## Work item
Reproduce the material below only from the line with "Amazon.com: Adorno para" to the line with "新雷克萨斯NX将于上海车展全球首发", both included, keeping each line exact and dropping the pictures.

## Data for the task
%%
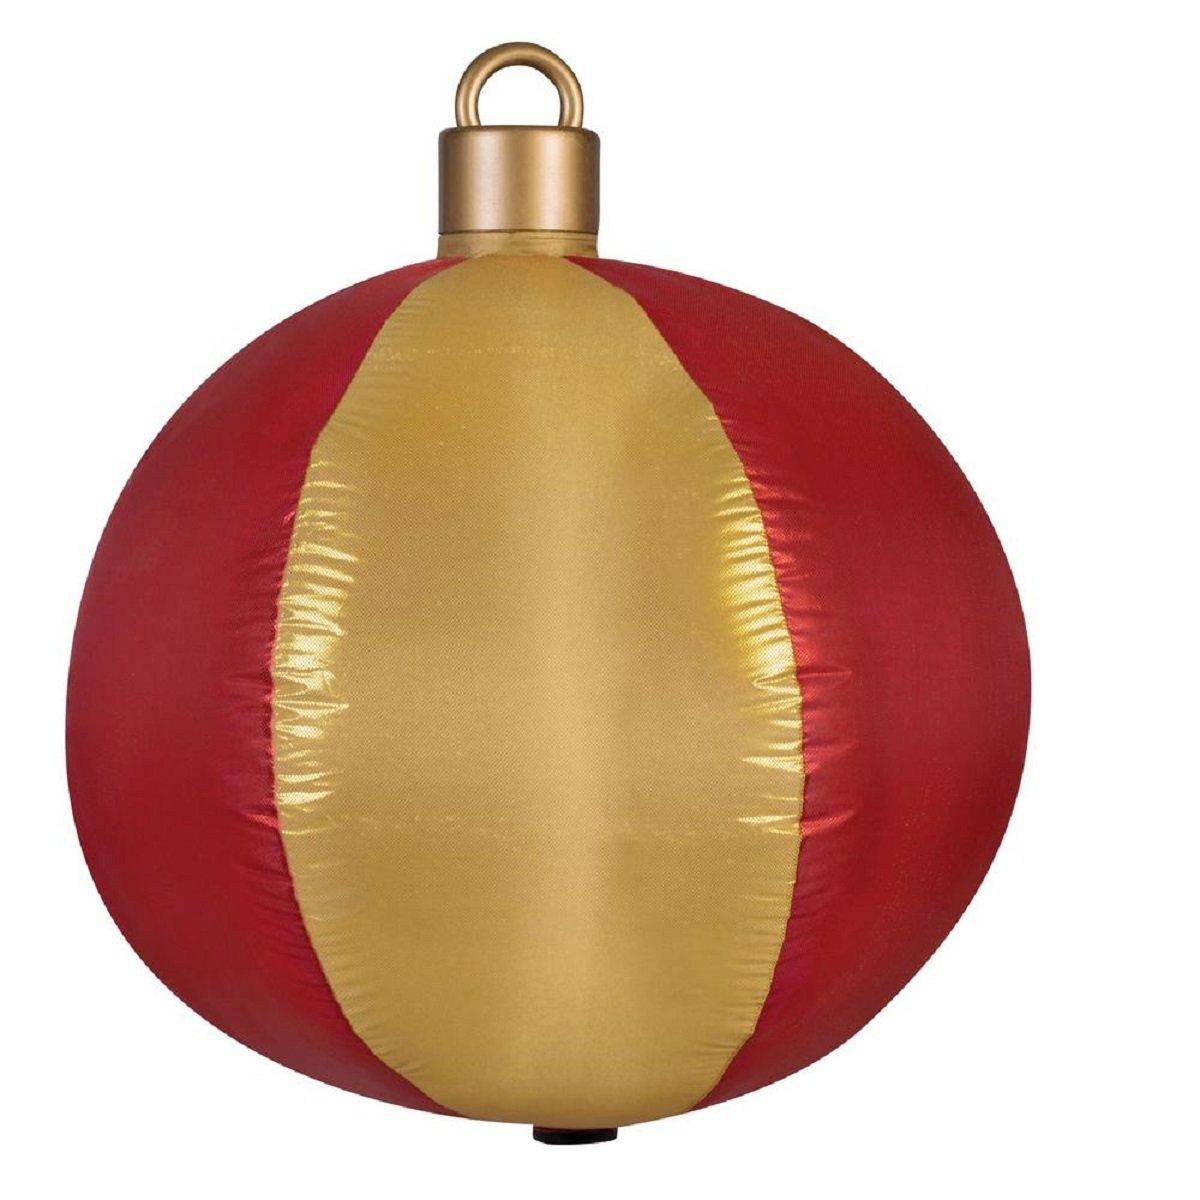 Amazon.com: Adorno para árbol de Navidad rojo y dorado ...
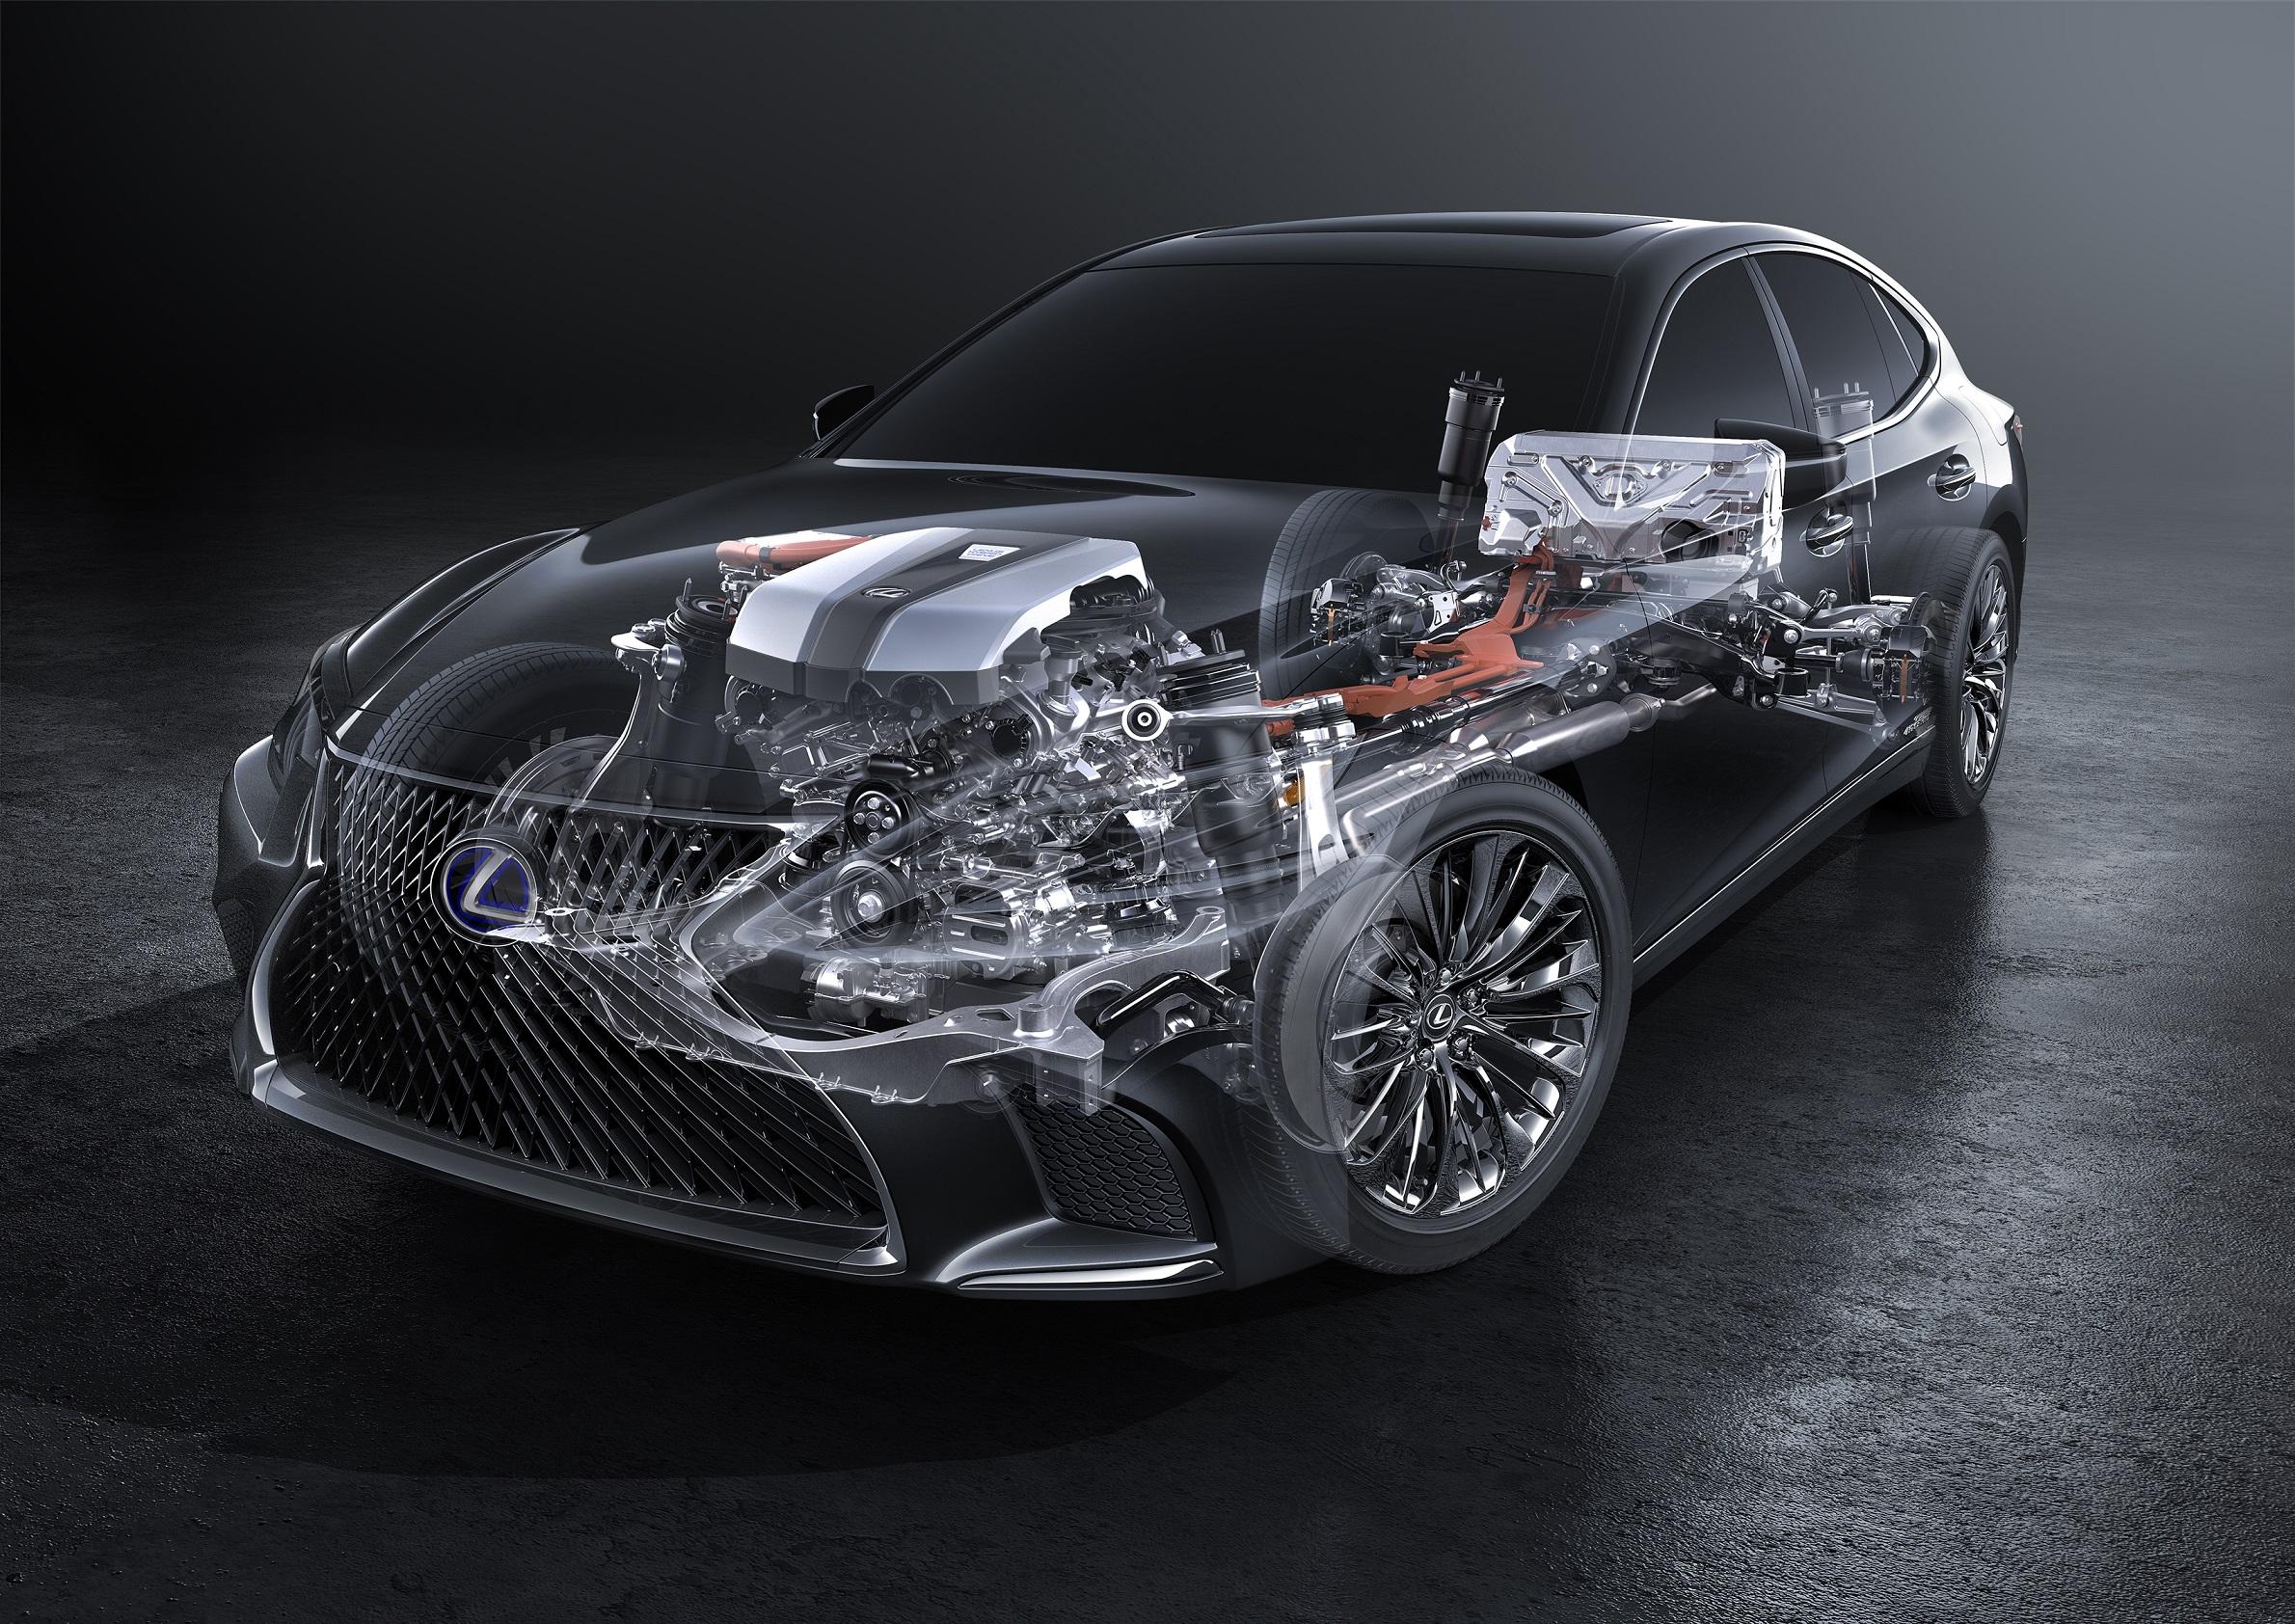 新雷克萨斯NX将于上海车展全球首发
%%
%%
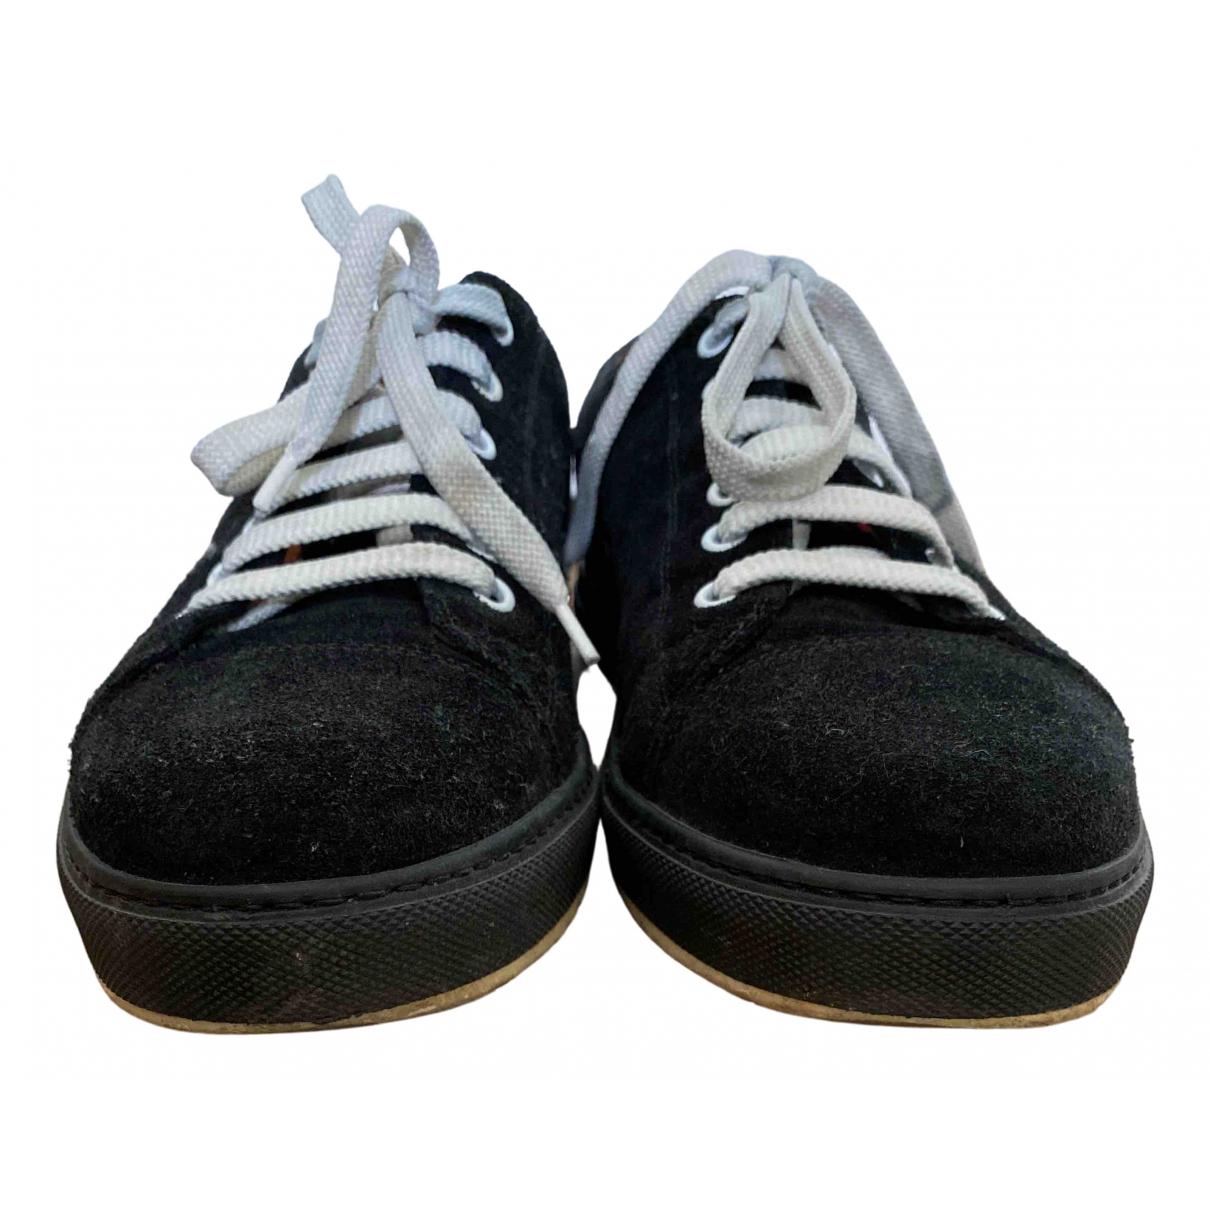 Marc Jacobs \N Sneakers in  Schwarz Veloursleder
%%
%%
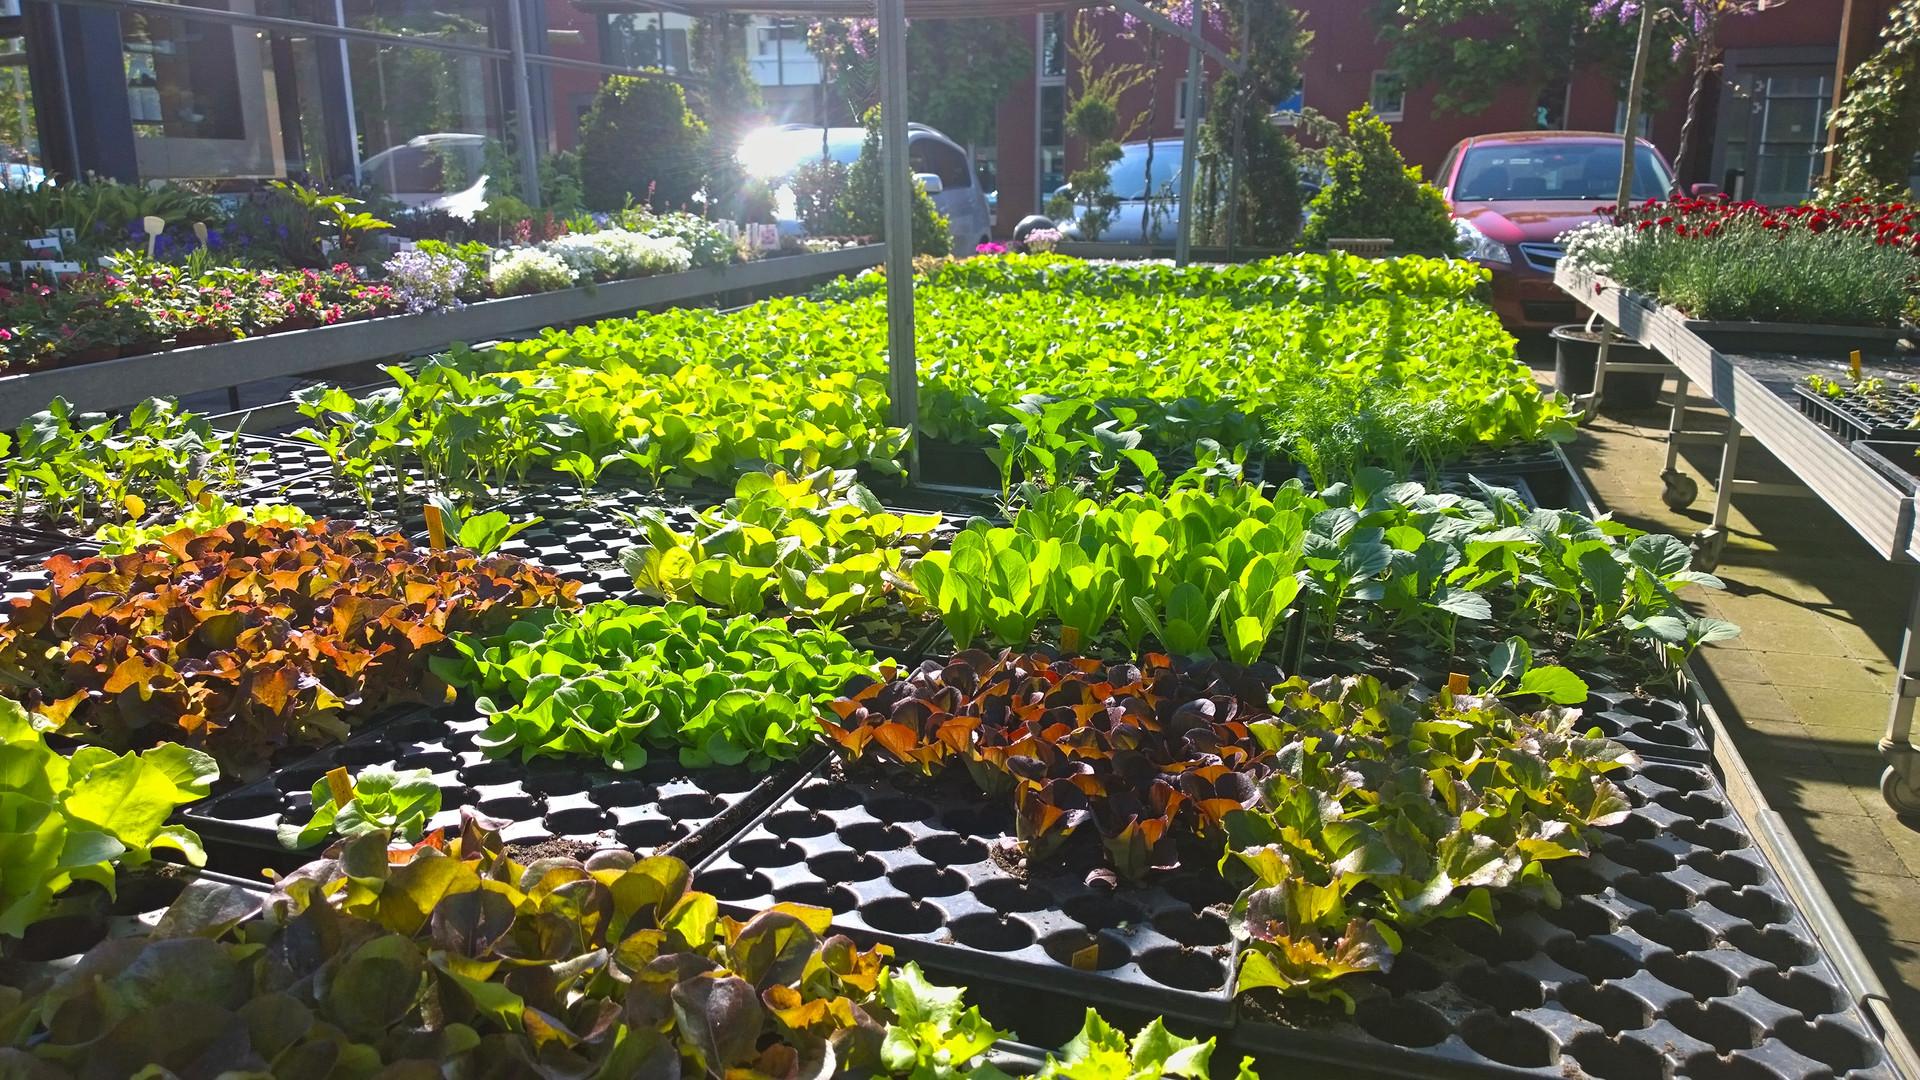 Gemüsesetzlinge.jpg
%%
## Exercise answer
 Amazon.com: Adorno para árbol de Navidad rojo y dorado ...
 新雷克萨斯NX将于上海车展全球首发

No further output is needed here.